US financial and political support for occupation is based on joint economic interests and shared investments in military and arms. The annual $3.8 billion in US military funding to Israel comes with a stipulation requiring a percentage of the funding be used to purchase US-made weapons. In fact, the United States is the single largest arms supplier to Israel and paid almost single-handedly for Israel’s Iron Dome System. The US government diverts any attempt to hold Israel accountable for its atrocities and war crimes against Palestinians, and supplies it with unprecedented military funding packages, more than the next ten countries combined.

Palestinians gathered for a protest on the Israel-Gaza border, 2018. (Lior Mizrahi / Getty Images)

There’s a reason Israel is so fixated on the particulars of US politics: With financial and political backing of the world’s largest military power, Israel is able to whitewash occupation, settler brutality, home demolitions, and a thirteen-year-long blockade on Gaza with US tax dollars.

Critics on the Left have raised questions about what Palestinian workers think about BDS campaigns and whether they can inadvertently alienate some of the hundred thirty thousand Palestinians who work in Israel or its illegal settlements. Manal Shqair, an organizer with the Palestinian New Federation of Trade Unions explains why even workers whose employers are subject to boycotts support BDS:

Palestinian workers oppose the assumption that international support for the BDS movement might harm Palestinian workers who work for companies targeted by BDS. On the contrary: the dismantling of the Israeli settlement enterprise means that we Palestinians will be able to reclaim our land and natural resources. This, of course, will put an end to the exploitation of Palestinian workers by their Israeli employers. Any argument against this is an anti-worker argument.

Another question often posed is whether the movement is effective. Although still small-scale, there are many examples of the impact BDS has already had in shifting public opinion on Israel and disrupting corporate investments in apartheid.

Its effectiveness and potential can also be gauged by the ruthless response it has triggered in Israel and its partners, who make BDS out as a powerful sweeping force, though the movement is not yet as robust and widespread as it has the potential to become. Supporters of Israel have spent a great deal of money and influence to marginalize, persecute, and threaten all those who engage in BDS campaigns.

Most famously, the late right-wing billionaire Sheldon Adelson’s Maccabee Task Force raised tens of millions of dollars to combat BDS on college campuses. It is also no coincidence that the online blacklist Canary Mission launched in 2015, around the same time BDS campaigns were introduced in several major colleges.

Anti-boycott laws targeting Palestine advocacy have been enacted in thirty states. In 2016, New York governor Andrew Cuomo took a page from the McCarthy-era playbook of blacklisting communists by signing an executive order directing NY state to keep a public register of organizations involved in boycotts of Israel — and mandated that all state agencies under his authority dissolve financial ties to those organizations.

This response to BDS suggests the massive impact the movement could have on capital flow to Israel.
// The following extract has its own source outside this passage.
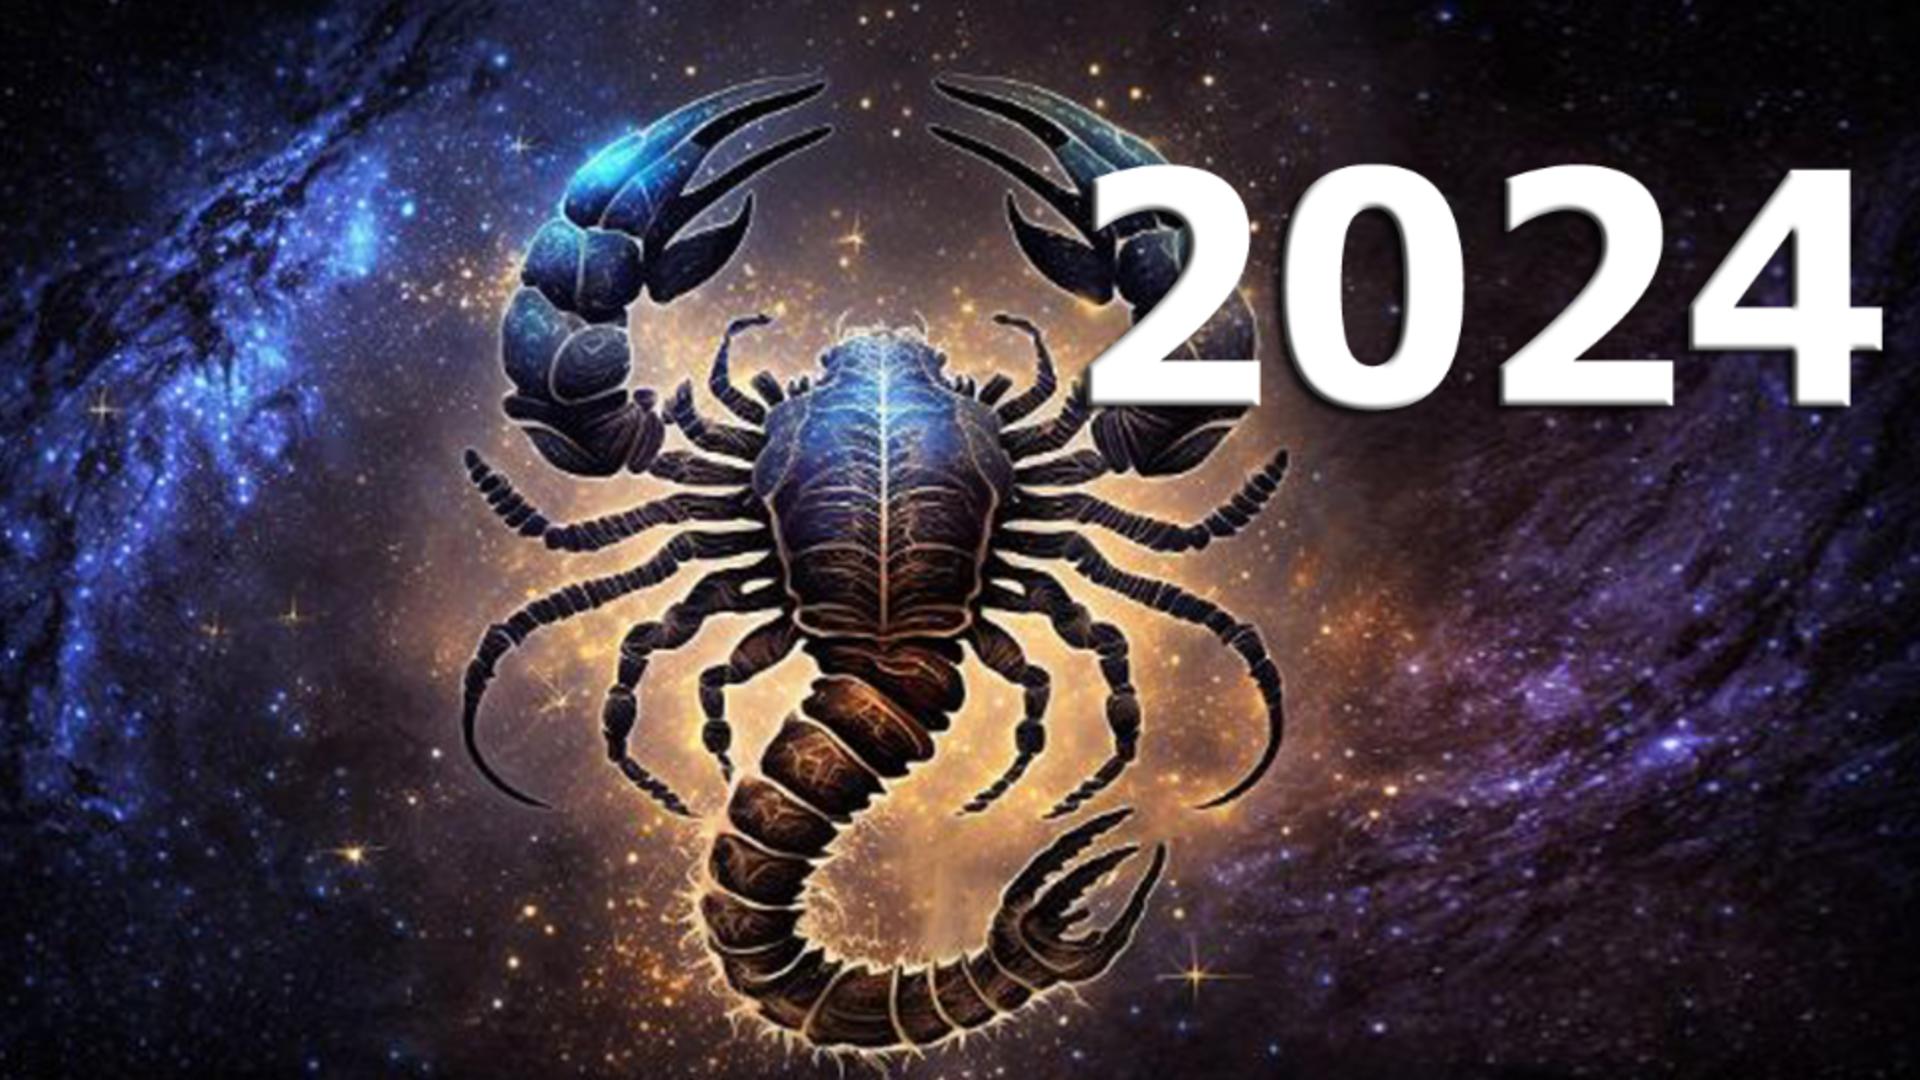 Horoscopul anului 2024 – Scorpion. Astrele îți dau agresivitate și inițiativă, mai ales în dragoste. Evita suprasolicitarea sistemului nervos

BDS is not merely about propagandizing or taking a moral stand. It’s about having an impact on material support for ongoing apartheid by pressuring governments and corporations to withdraw political and financial backing or else risk economic loss. For the United States in particular, BDS comes in the way of its vision for a united economic zone that integrates Israel into the Middle East economy.

Boycotts can work. The power of boycotts past and present is that they refuse to confine the movements they represent to the realm of humanitarian relief — they also demand accountability. Last week, Human Rights Watch released a 213-page report charging Israel with apartheid and crimes against humanity. It’s long past time to hold Israel accountable. BDS is a movement to disempower and defund such crimes — and that is a movement worth supporting.